- **Task prompt**
Print the listing below exactly. Leave nothing out.

- **Dataset excerpt**
⟨
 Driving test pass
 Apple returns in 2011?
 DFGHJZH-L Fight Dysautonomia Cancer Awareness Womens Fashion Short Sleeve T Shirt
⟩
- **Exercise output**
 Driving test pass
 Apple returns in 2011?
 DFGHJZH-L Fight Dysautonomia Cancer Awareness Womens Fashion Short Sleeve T Shirt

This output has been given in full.